Monica Crawford featured in Philadelphia Inquirer: Achieving good nutrition during cancer treatments



When it comes to nutrition and cancer, most information is directed toward preventing the disease. But what  if you already have cancer and are being treated for it, whether with surgery, chemotherapy, radiation therapy, or perhaps all three?

Although there have been improvements in managing side effects with medications, there are still those which remain that make it difficult to eat well during and following treatments. Poor nutrition can leave patients too weak to tolerate treatment. As many as 20 percent of cancer patients actually die from the effects of malnutrition, rather than from the cancer itself.

While many cancers can lead to malnutrition some of the highest risk patients I see are those with cancers of the head and neck or gastrointestinal tract.

One of the biggest barriers to eating is a change in sense of taste, also called dysgeusia. With this condition, various patients have told me that food tastes like cardboard, fish tank water, rusty nails, or overly sweet or salty.

One example of such a patient was Stuart* who had cancer at the base of his tongue. He was treated with 6 weeks of radiation therapy to the tongue, combined with concurrent weekly chemotherapy. Chemotherapy, as well as radiation therapy to the head and neck, can both affect taste buds.

At a follow up visit after completing treatment, he complained of severe dry mouth, known as xerostomia, as well as the complete absence of a sense of taste, which was very discouraging to him. Although Stuart was declared cancer-free, his inability to taste foods was affecting his desire to eat and his quality of life. Unfortunately, the sense of taste following radiation to the tongue can take months to years to return, and in some cases never returns completely.

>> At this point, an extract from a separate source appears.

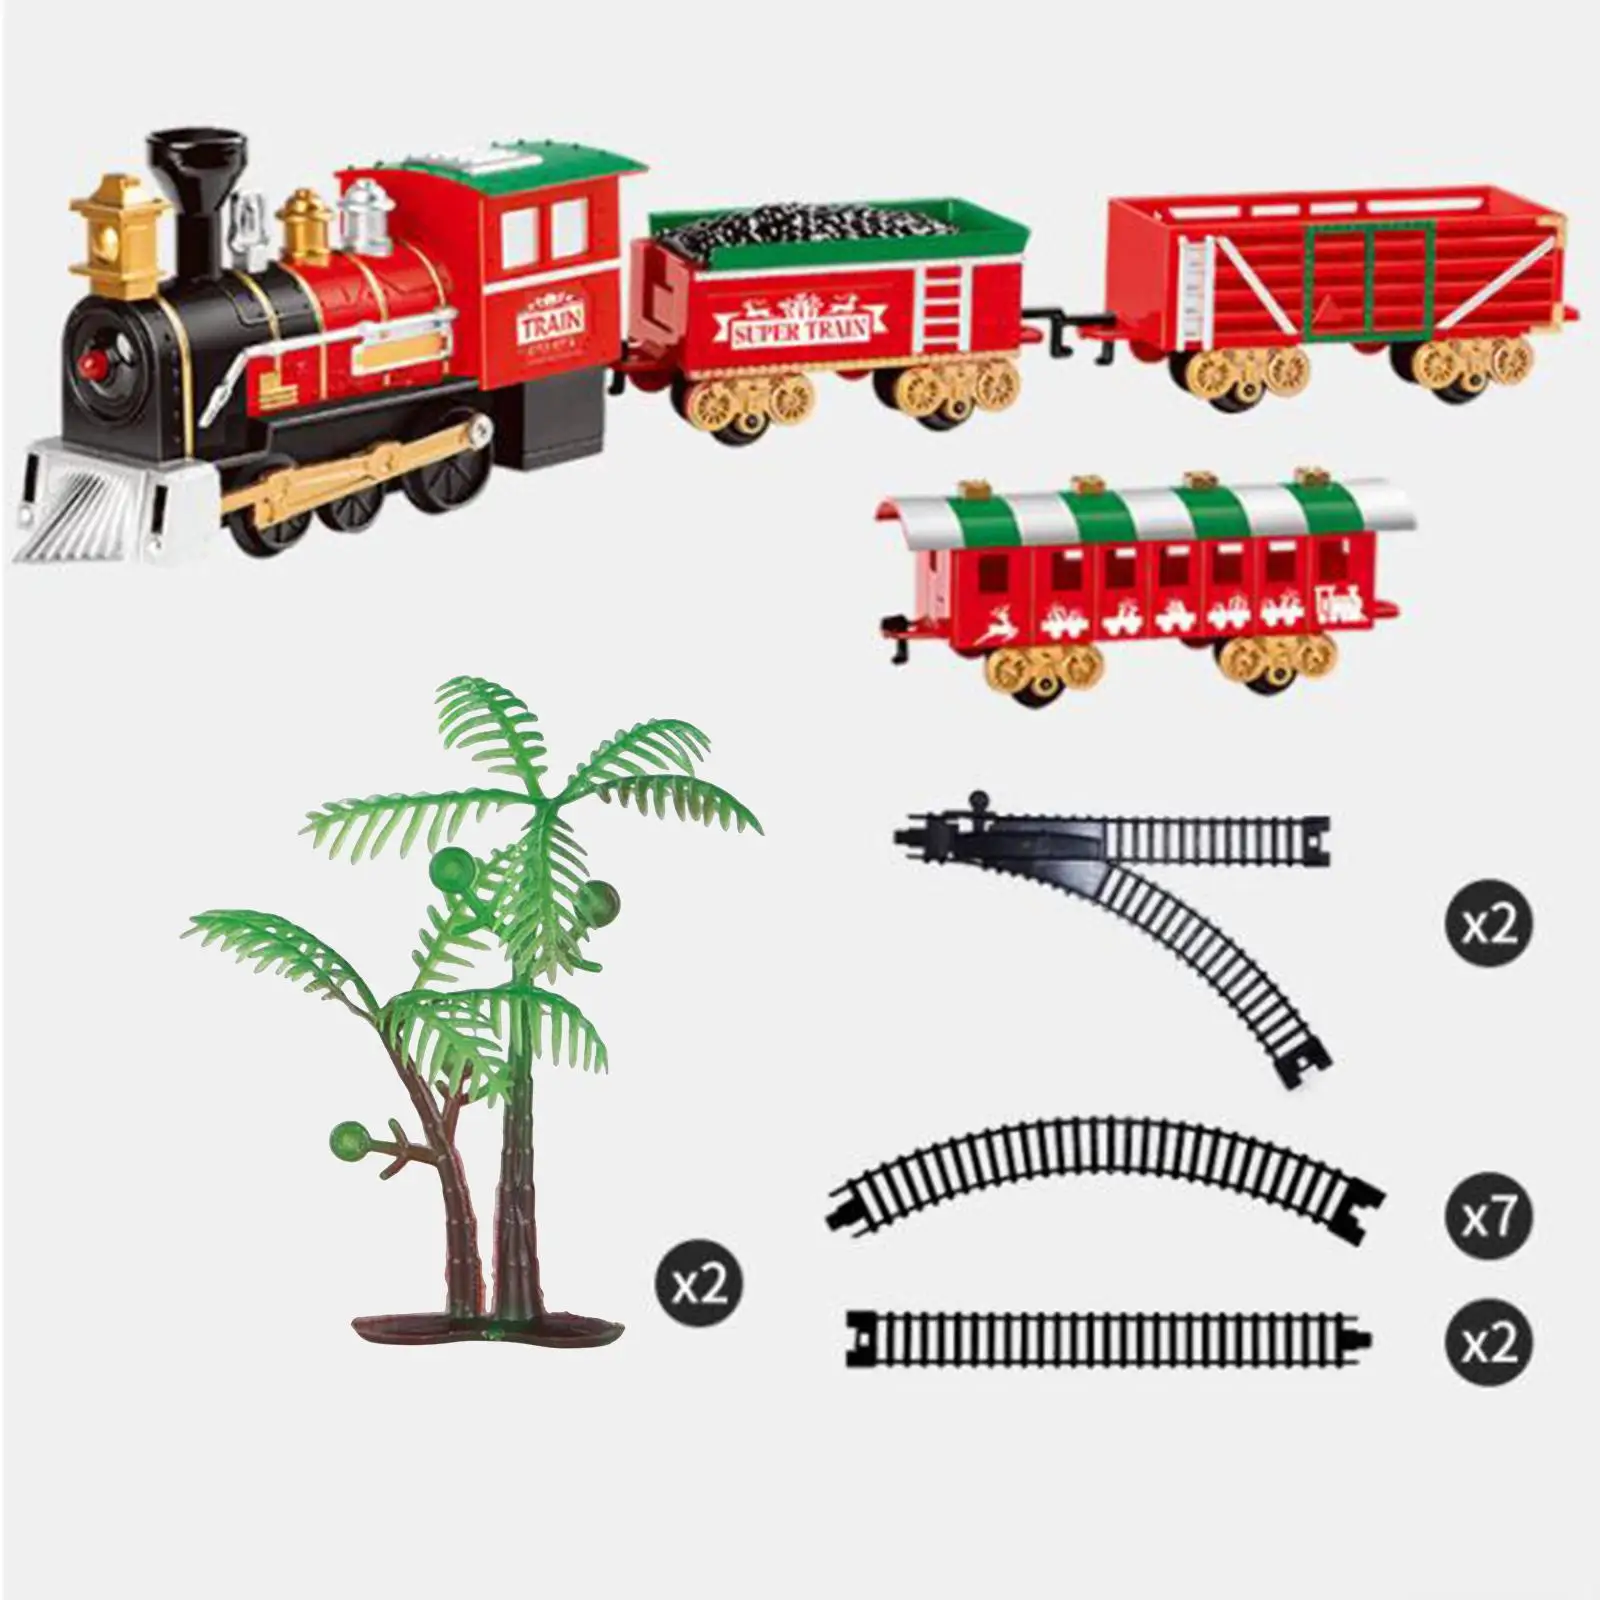 Christmas Tree Train Set Railway Kit Early Leaning Education Toy Railway Track Set for Preschool Girls Boys Kids Toddler

Other conditions can also hinder good nutrition. Without adequate saliva, taste can be altered. Patients can also experience mouth ulcers or thrush, a fungal infection of the mouth that can impact taste.

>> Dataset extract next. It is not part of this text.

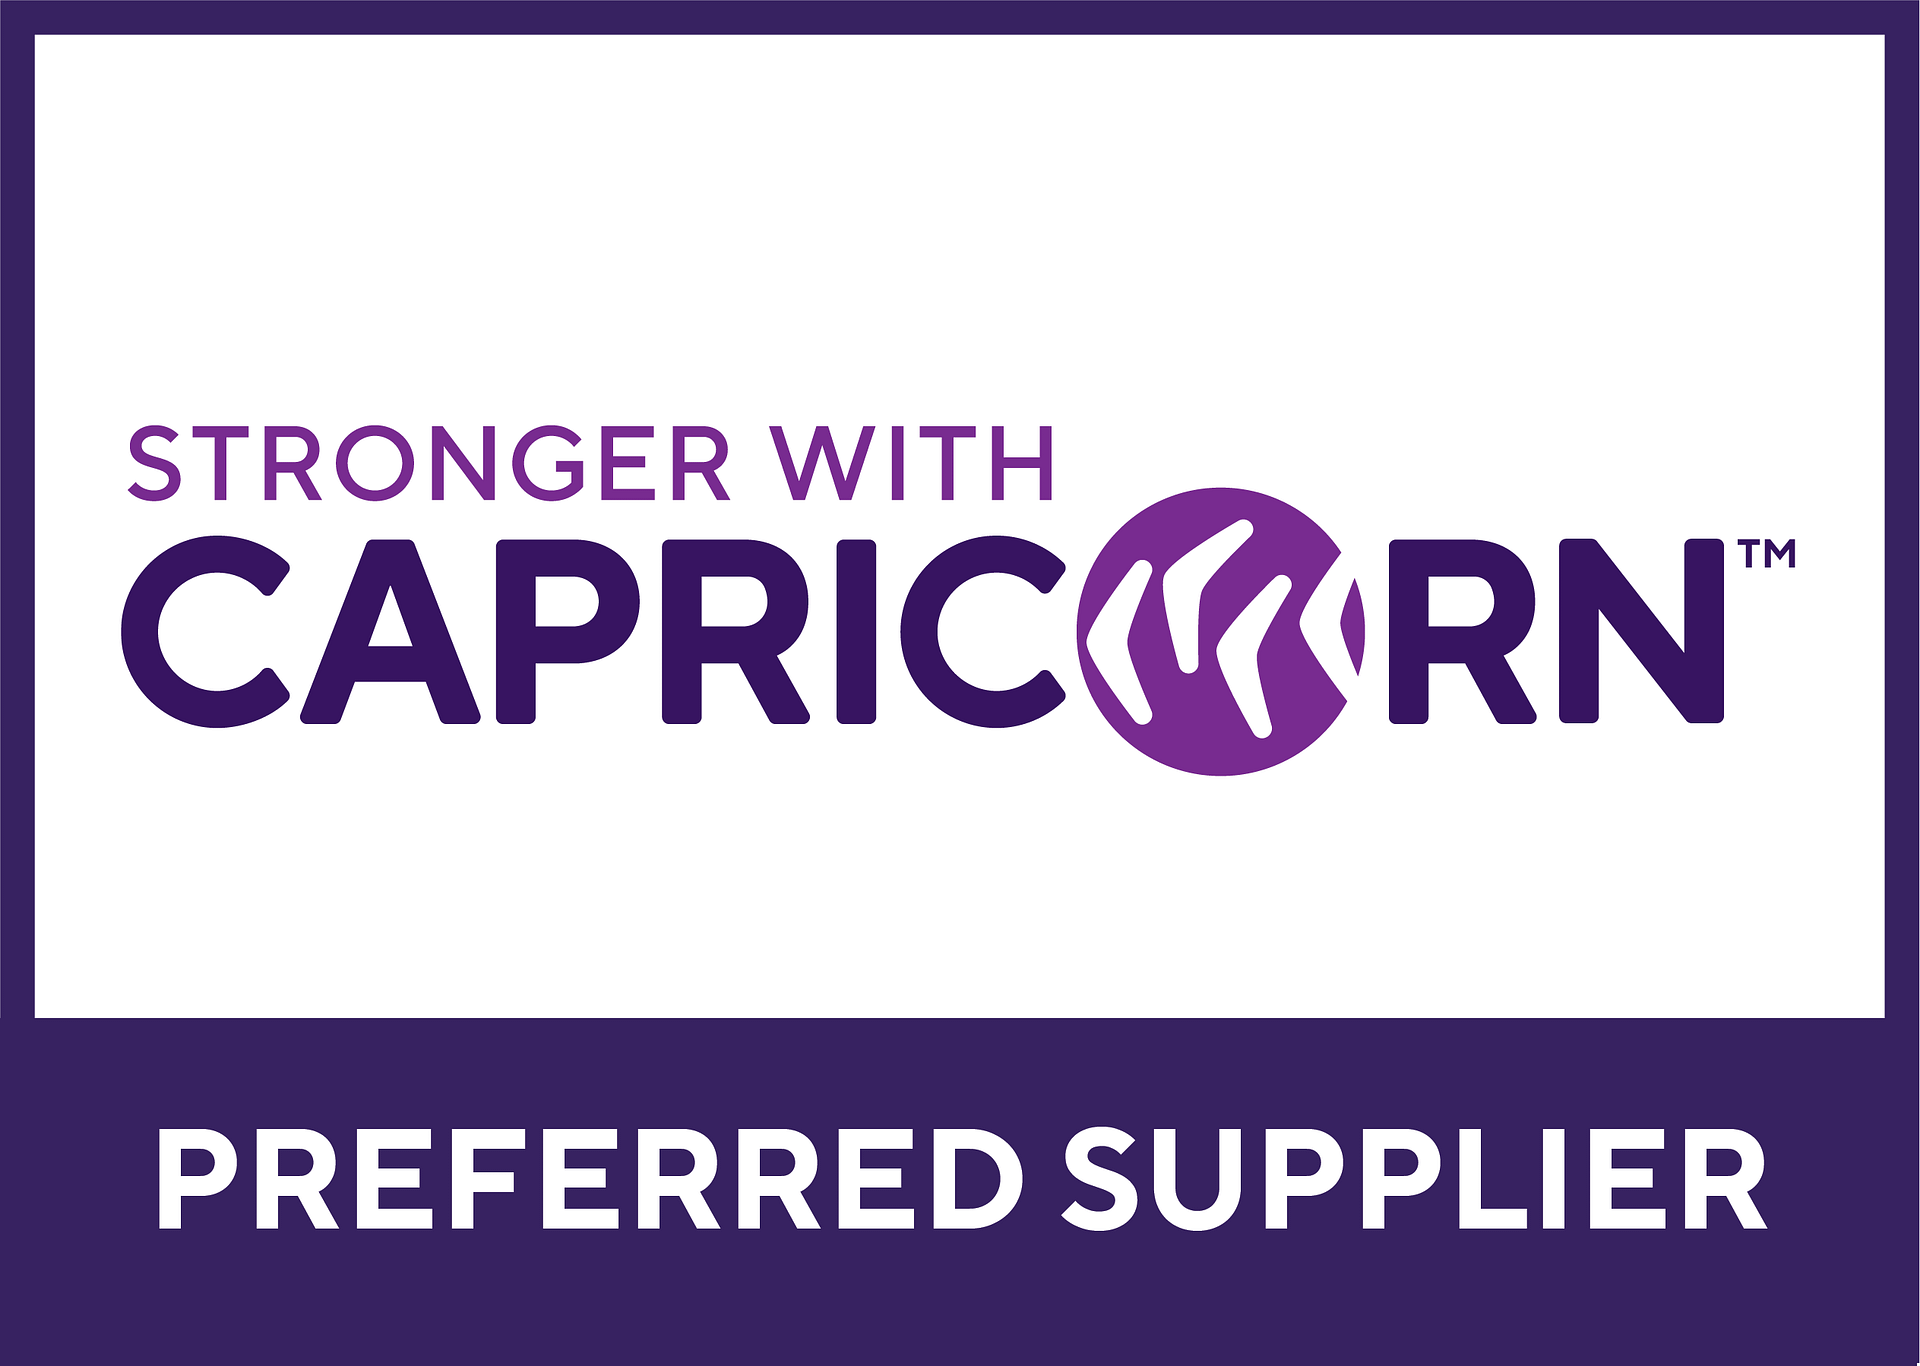 Preferred-Supplier Logo a _A5 2019 a White Background

I met with Stuart several times to offer suggestions and encouragement. We discussed various strategies to help him stay well-nourished and stop his weight loss, while awaiting his sense of taste to improve as he healed from his treatment. Some of my recommendations included:

•                As long as there are no mouth sores, use tart or sour foods (lemon, lime, vinegar, tomato sauce), which can often be tasted even with dysgeusia.

•                Season foods with herbs/spices, marinades, such as basil, oregano, or barbecue sauce.

•                Try eating with plastic utensils to decrease any metallic taste.

•                Experiment with different foods that you do not normally eat, and save the ones you do love for when you’re feeling better, so that you don’t get turned off to them forever because they taste “wrong” during  treatment.

•                Drink liquids with a straw to bypass taste buds.

•                Practice good oral hygiene. Choose only mouthwashes that are alcohol-free. Rinse frequently with 1 quart of warm water + 1 teaspoon baking soda + 1 tablespoon salt.

  • Suck on a sugar-free hard candy prior to meals to help stimulate saliva and taste buds.

Another patient, Wendy*, who was being treated for metastatic pancreatic cancer, suffered from loss of appetite and weight loss. There are many reasons for loss of appetite, also called anorexia, in cancer patients. The cancer itself can sometimes rob a person of a desire to eat, or cause them to feel full much faster, which we call “early satiety.” Anti-cancer treatments and fatigue can take away a patient’s appetite as well. Wendy’s loss of appetite was triggered by early satiety, fatigue, as well as a side effect from chemotherapy.  At less than 5 feet tall, over the course of a year of treatment, she struggled to take in enough nutrition, and her weight dropped from 80 lbs down to a dangerous 60 lbs.

Among the strategies I recommended: 

•                Eat small, frequent, high-calorie, high-protein meals on a schedule, at least 6 times a day. Eat when it is time to eat, rather than waiting until you feel hungry. Look at nutrition as part of continued treatment, similar to taking a prescribed medication. Eat for fuel, remembering that our bodies need nutrition to function.

•                Plan moderate physical activity like walking to stimulate appetite.

.                 Graze on ready-to-eat, healthy, high-calorie, high-protein snacks at hand.  These could include such items as protein shakes or bars, yogurt, trail mix, peanut butter crackers, cheese stick, hard-boiled eggs, hummus, and custards.

  • Supplement with high-calorie, high-protein shakes or smoothies between meals if unable to eat enough to maintain weight. Often it is easier to drink liquids than eat solids when appetite is decreased.

Side effects are common during anti-cancer therapies. Dysgeusia and anorexia are two conditions that can lead to decreased intake and weight loss if not addressed. Adequate nutritional status can improve strength, immune function, and treatment tolerance. Nutritional strategies can help manage many side effects, and improve quality of life.

*Names have been changed.

Source: “Eating Hints: Before, During, and After Cancer Treatment,” from the National Cancer Institute.

Monica H. Crawford in an outpatient oncology dietician at the, Sidney Kimmel Cancer Center at Thomas Jefferson University.